Мне было слегка совестно, что я использую болезнь Иты, чтобы спасти себя, возможно, на моем месте другой человек поступил бы иначе, но тогда я приняла именно такое решение. И мне нужно было только дождаться подходящего момента. Благо картофелины хоть и косились на нас недобрыми настороженными взглядами, но не пытались нас снова связать. Вероятно, они были уверены, что бежать нам некуда, потому что мы находимся на их территории, и что в случае сопротивления процедуру связывания можно будет и повторить.

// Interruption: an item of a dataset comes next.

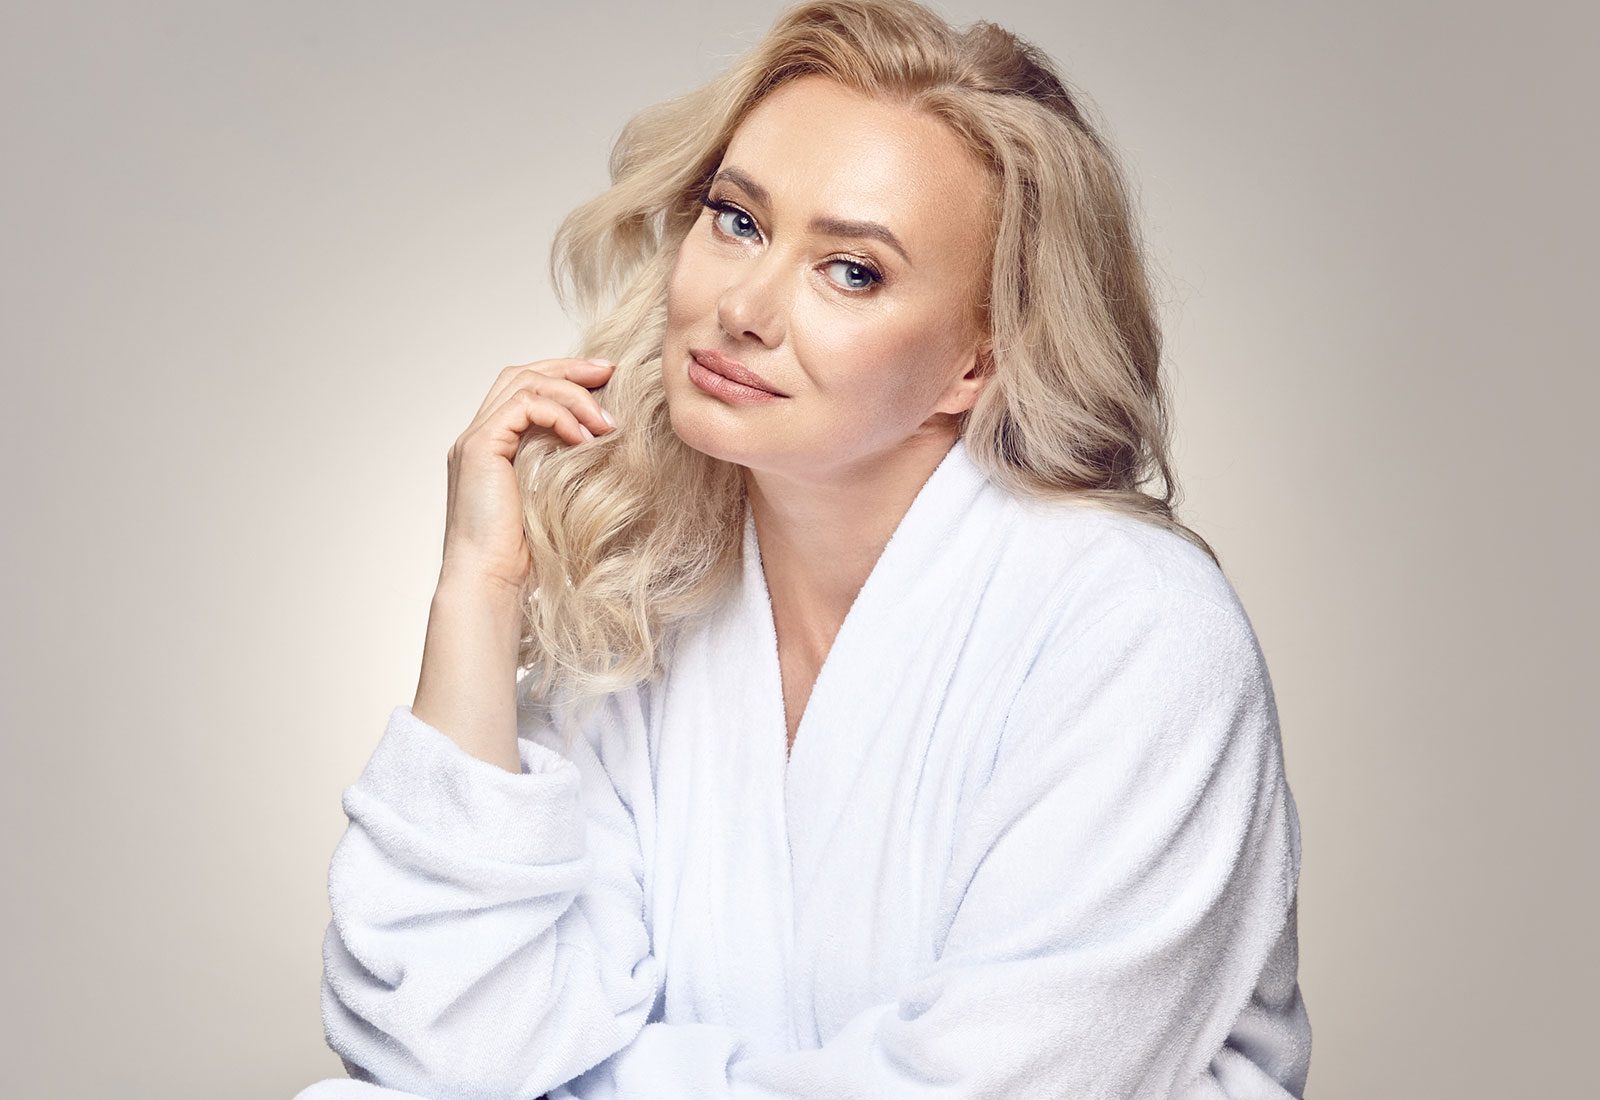 Blonde woman with defined cheekbones wearing a white robe
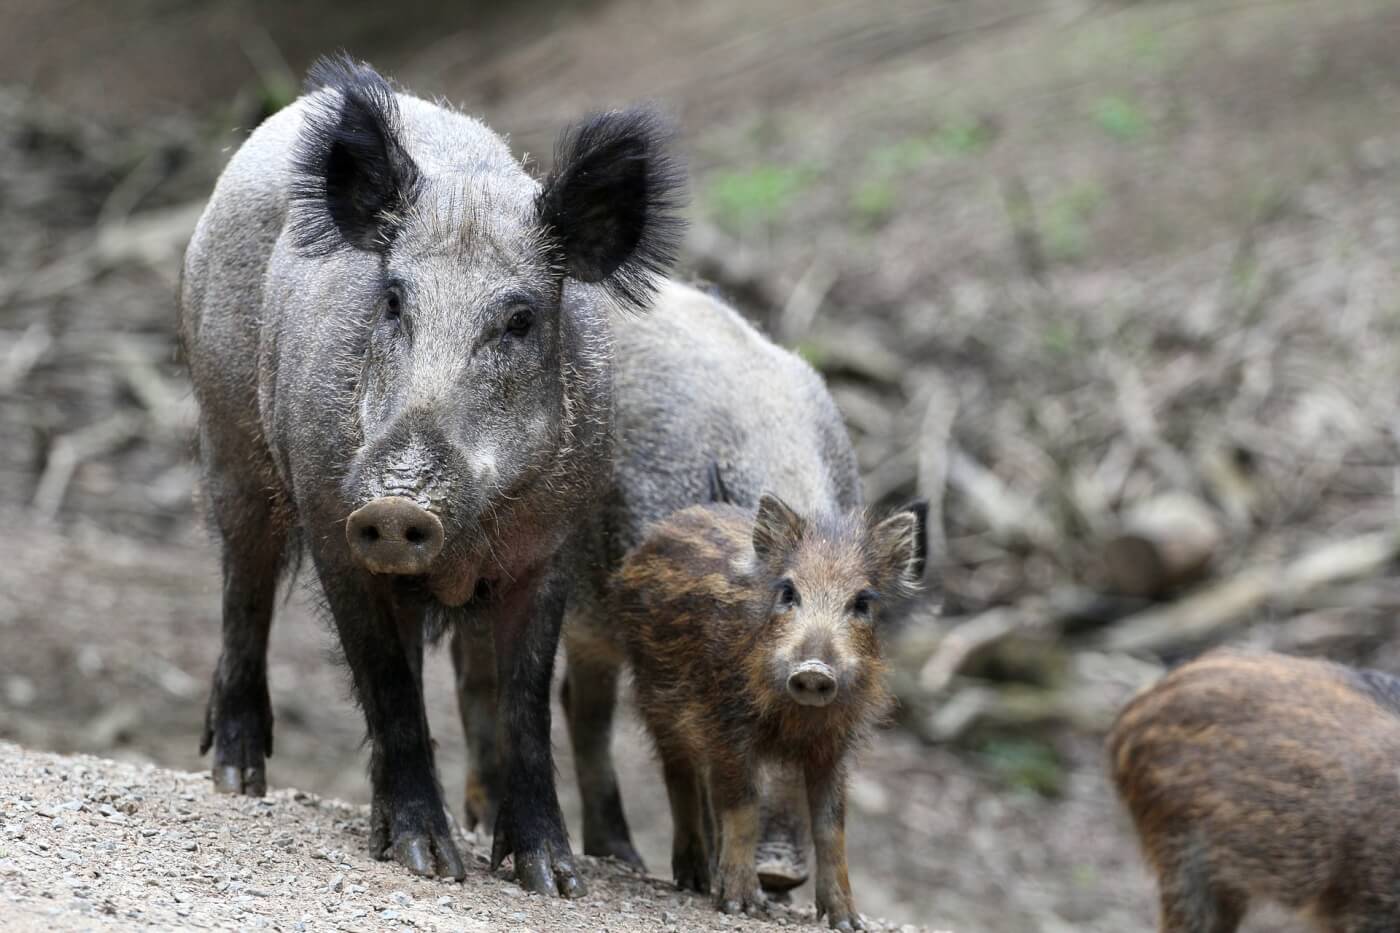 WHY?! Video Shows Men Pushing Boar Off Cliff, Killing the Animal

Я шла по туннелю, пригибая голову, и скоро нас вывели в большую комнату, которая тоже выглядела сырой и холодной, однако была обставлена некоторой мебелью и украшена гербами. На стене висели гобелены с геральдикой — зеленое полотно с изображением распустившегося цветка картофеля, вероятно, символ этой банды. Из деревянной мебели был один стол, на котором вразнобой стояли несколько пустых плошек их-под съеденного риса, маленький кувшинчик, валялся кусок смятой тряпицы. Между гербами стоял невысокий слегка покосившийся комод со следами плесени, на котором лежали разнообразные травы, чашки, толкушки, стояли несколько кувшинов разных размеров и форм, также на комоде лежали растения и цветы, что благоухали очень приятными ароматами.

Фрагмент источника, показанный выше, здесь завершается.